Write out nothing but the lines from the first line of the entries below through the line with "M's Classic Retro"; no pictures go in.

───── EXERCISE DATA ─────

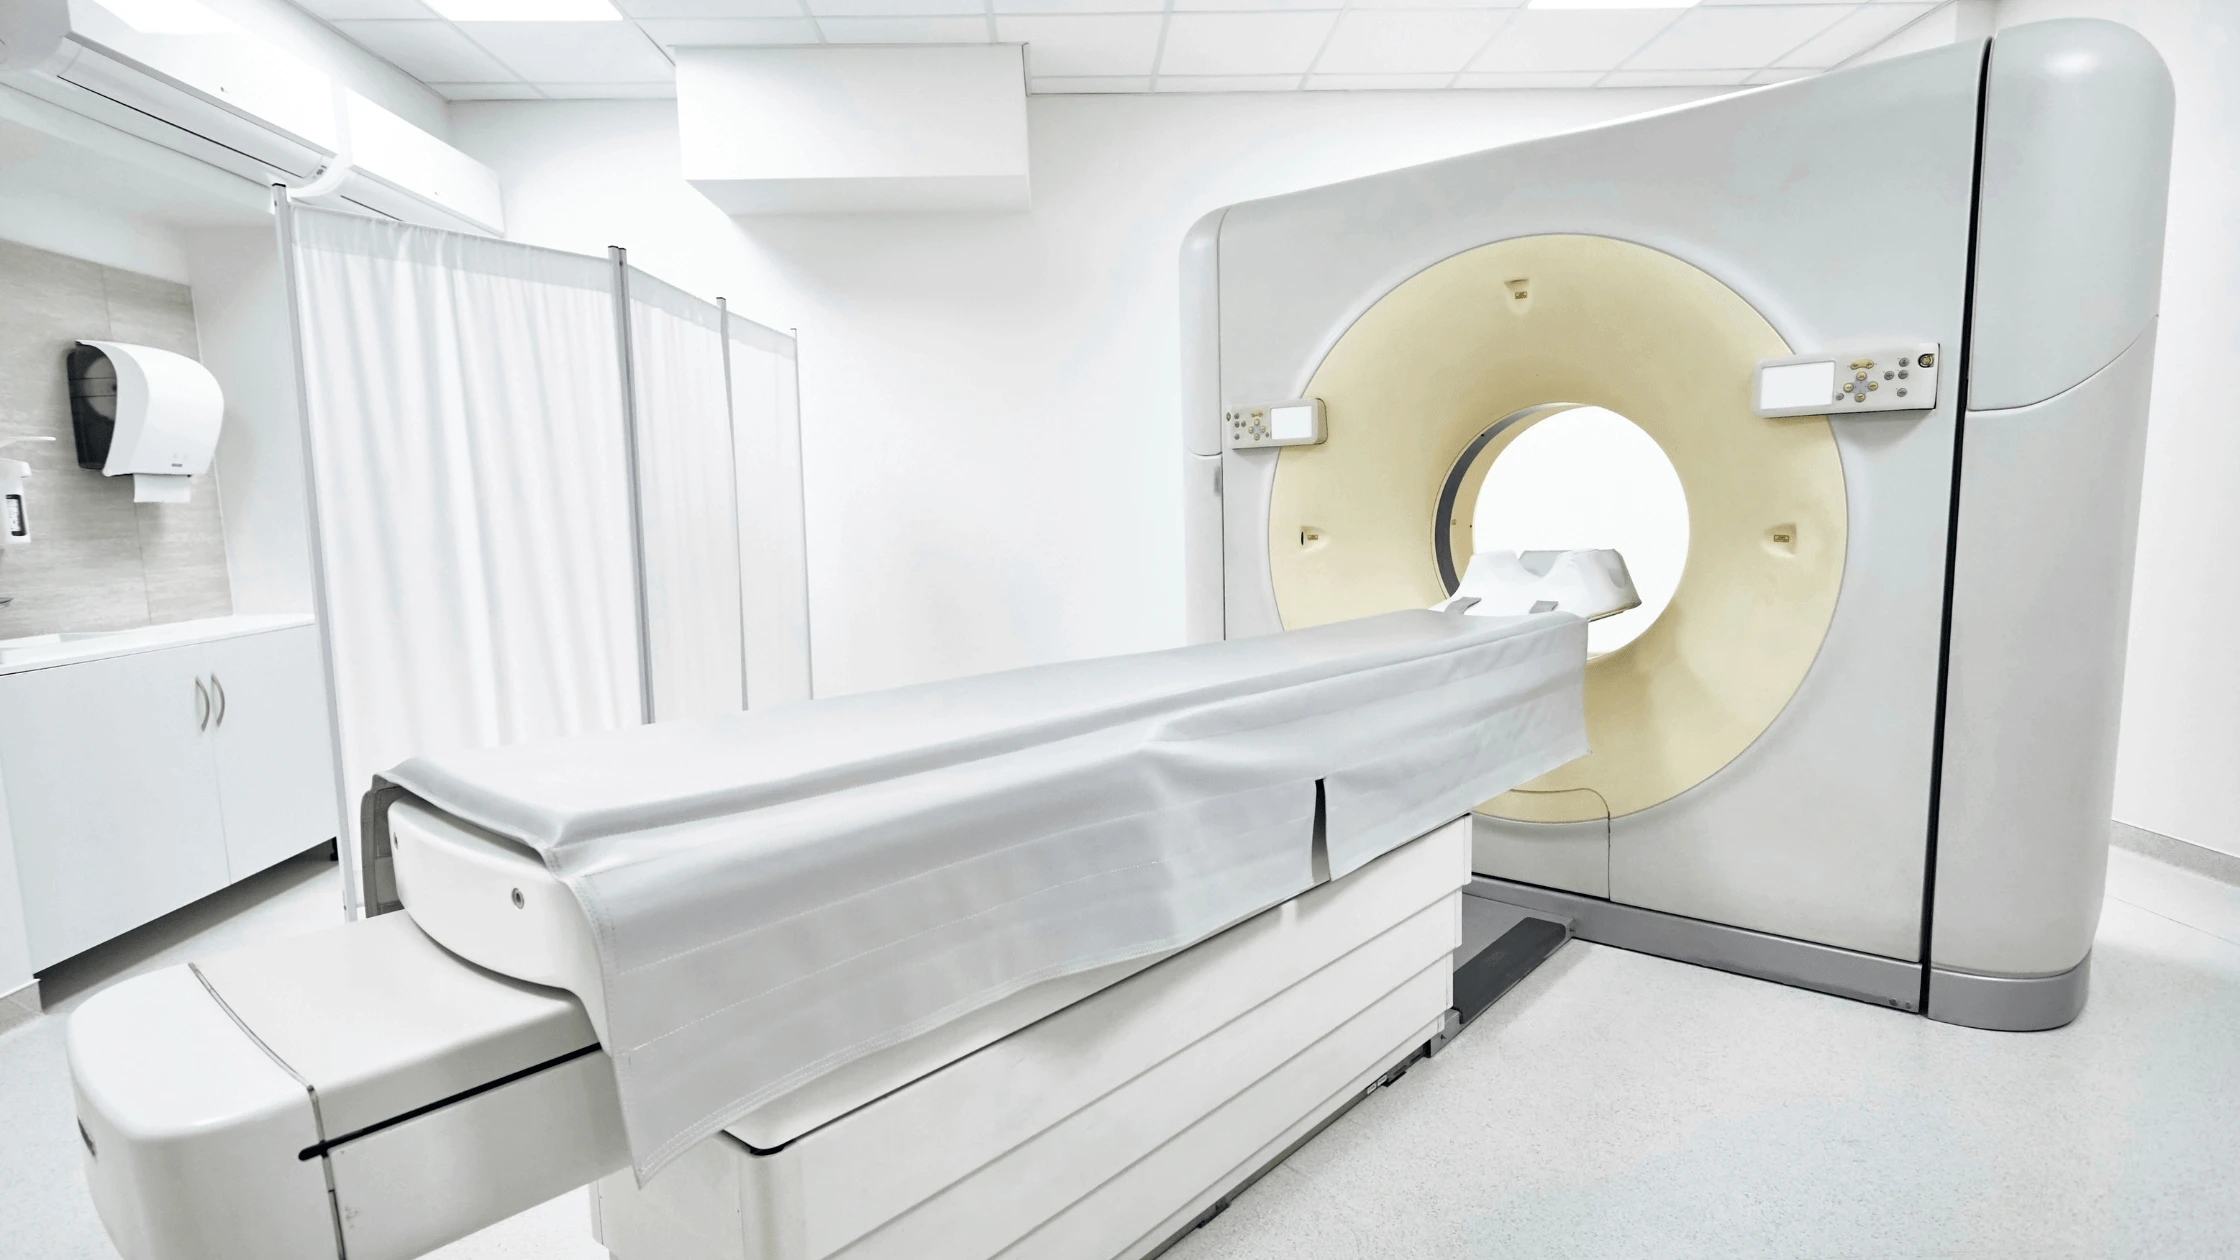 How to sell a CT Scanner
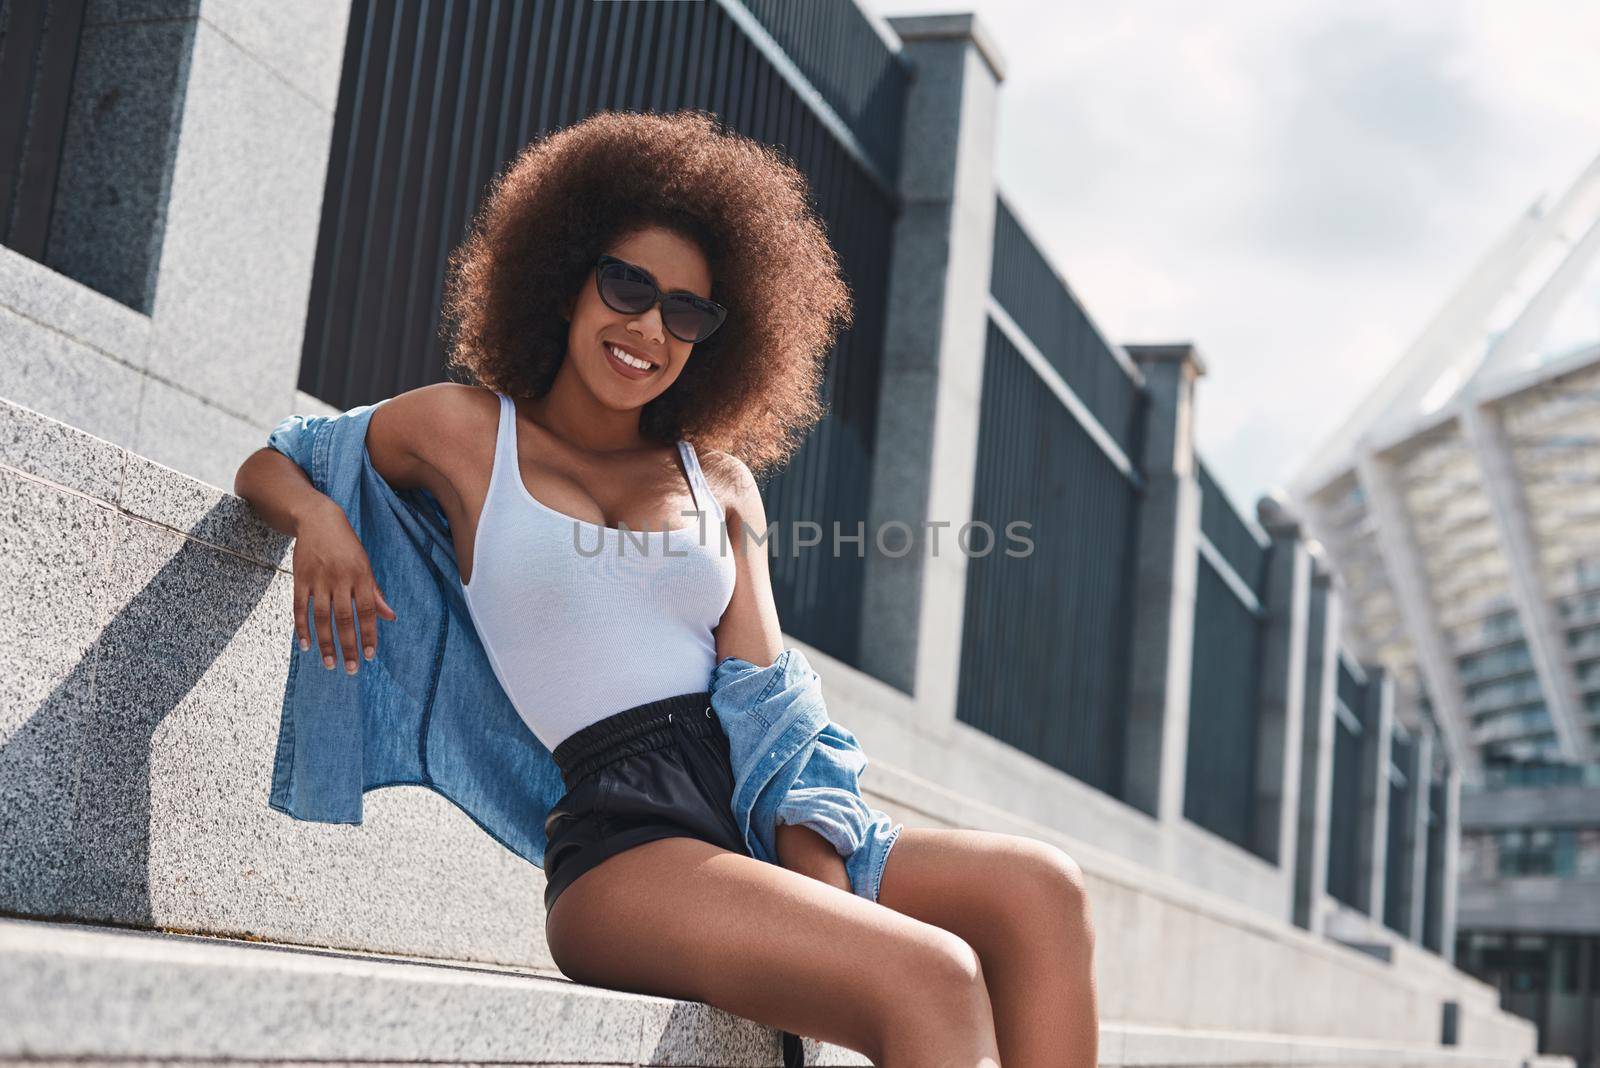 Young woman wearing sunglasses free style on the street sitting on concrete stairs leaning back relaxed looking camera smiling cheerful
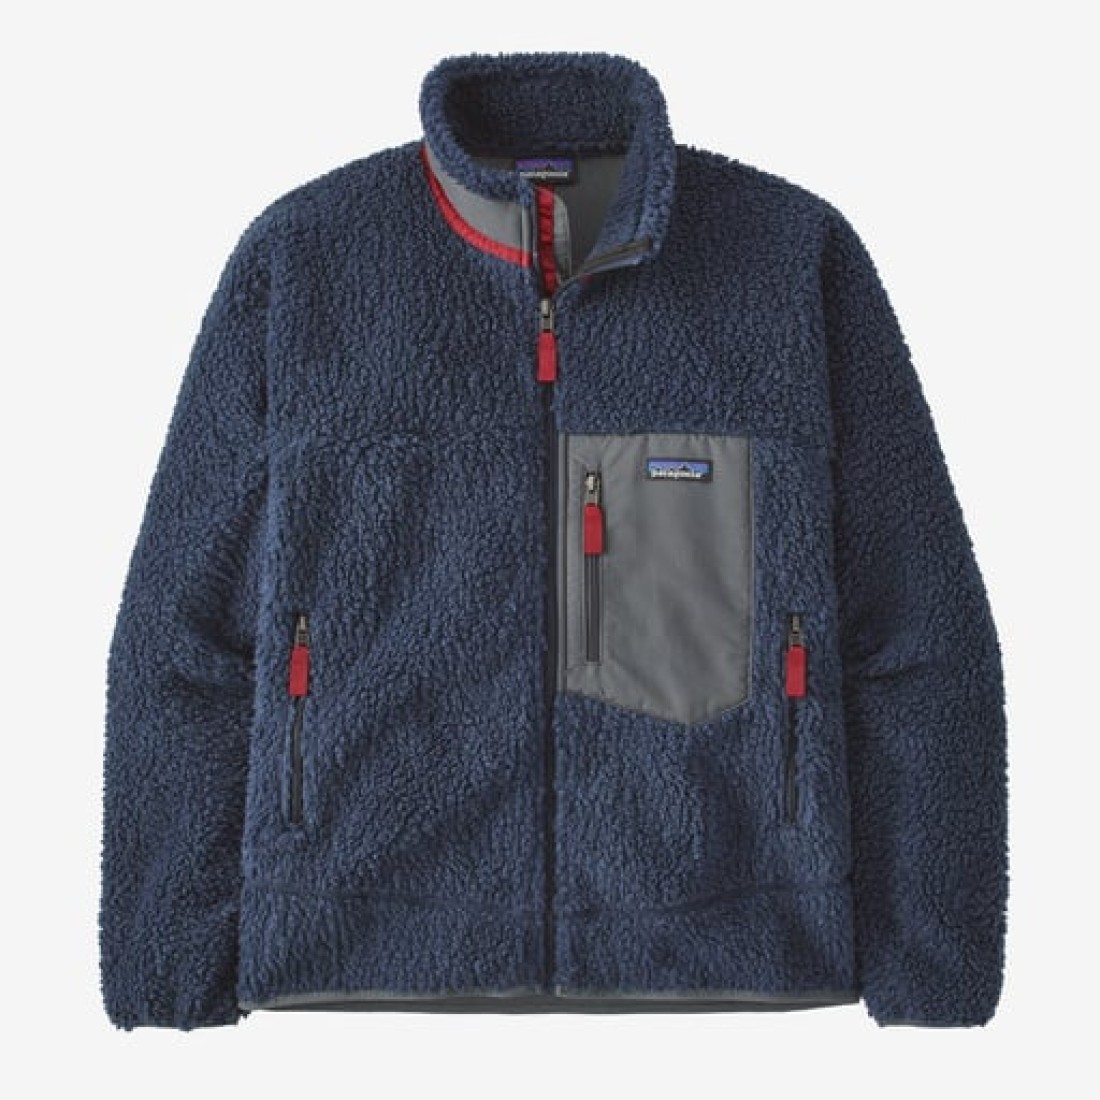 M's Classic Retro X Jkt New Navy Wax Red Patagonia
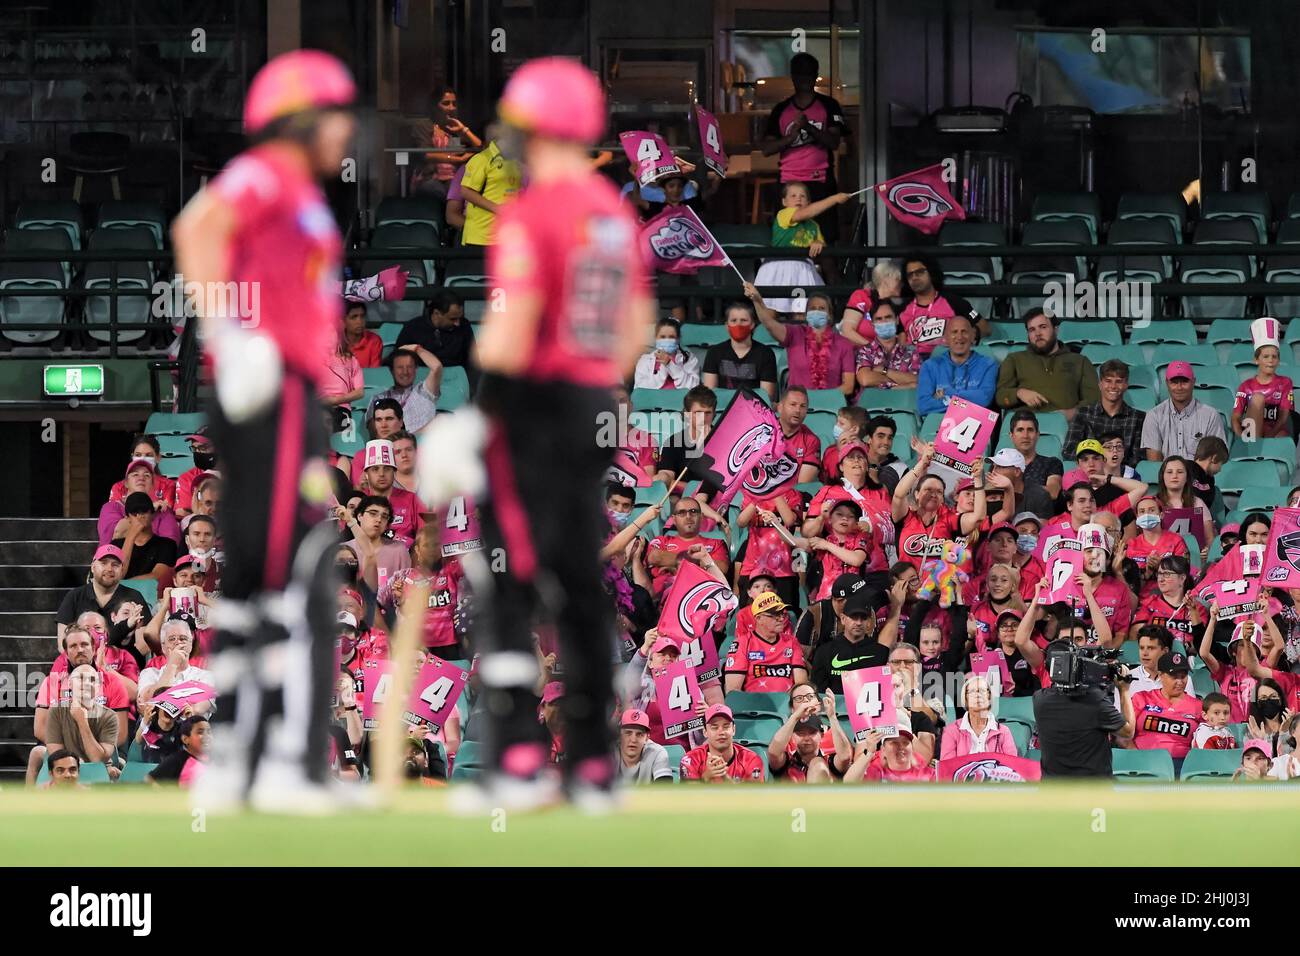 Sydney, Australia, 26 January, 2022. Sydney fans cheer during the Big Bash League Challenger cricket match between Sydney Sixers and Adelaide Strikers at The Sydney Cricket Ground on January 26, 2022 in Sydney, Australia. Credit: Steven Markham/Speed Media/Alamy Live News Stock Photo
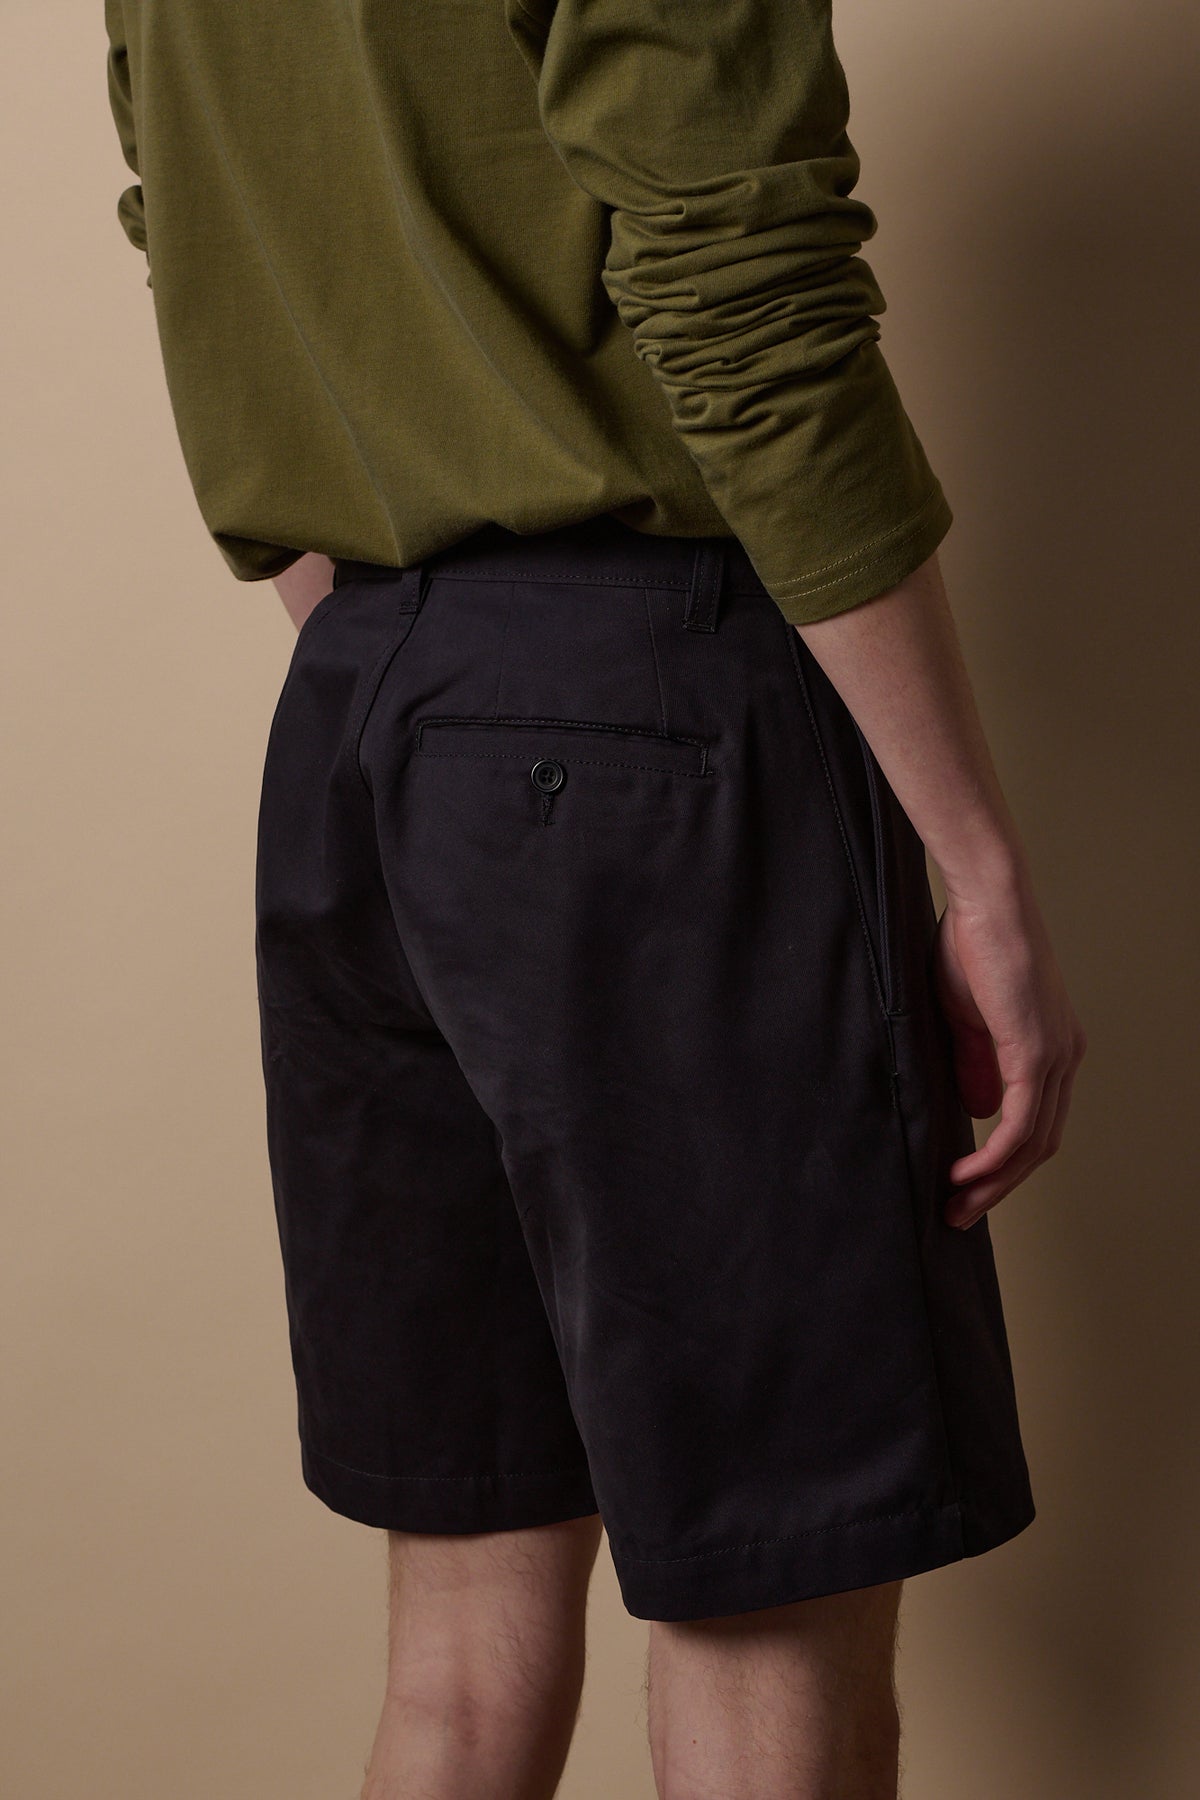 
            Back of pleated shorts in navy back pocket with button detail, beltloops on waistband

─────

EXERCISE OUTPUT
 How to sell a CT Scanner
 Young woman wearing sunglasses free style on the street sitting on concrete stairs leaning back relaxed looking camera smiling cheerful
 M's Classic Retro X Jkt New Navy Wax Red Patagonia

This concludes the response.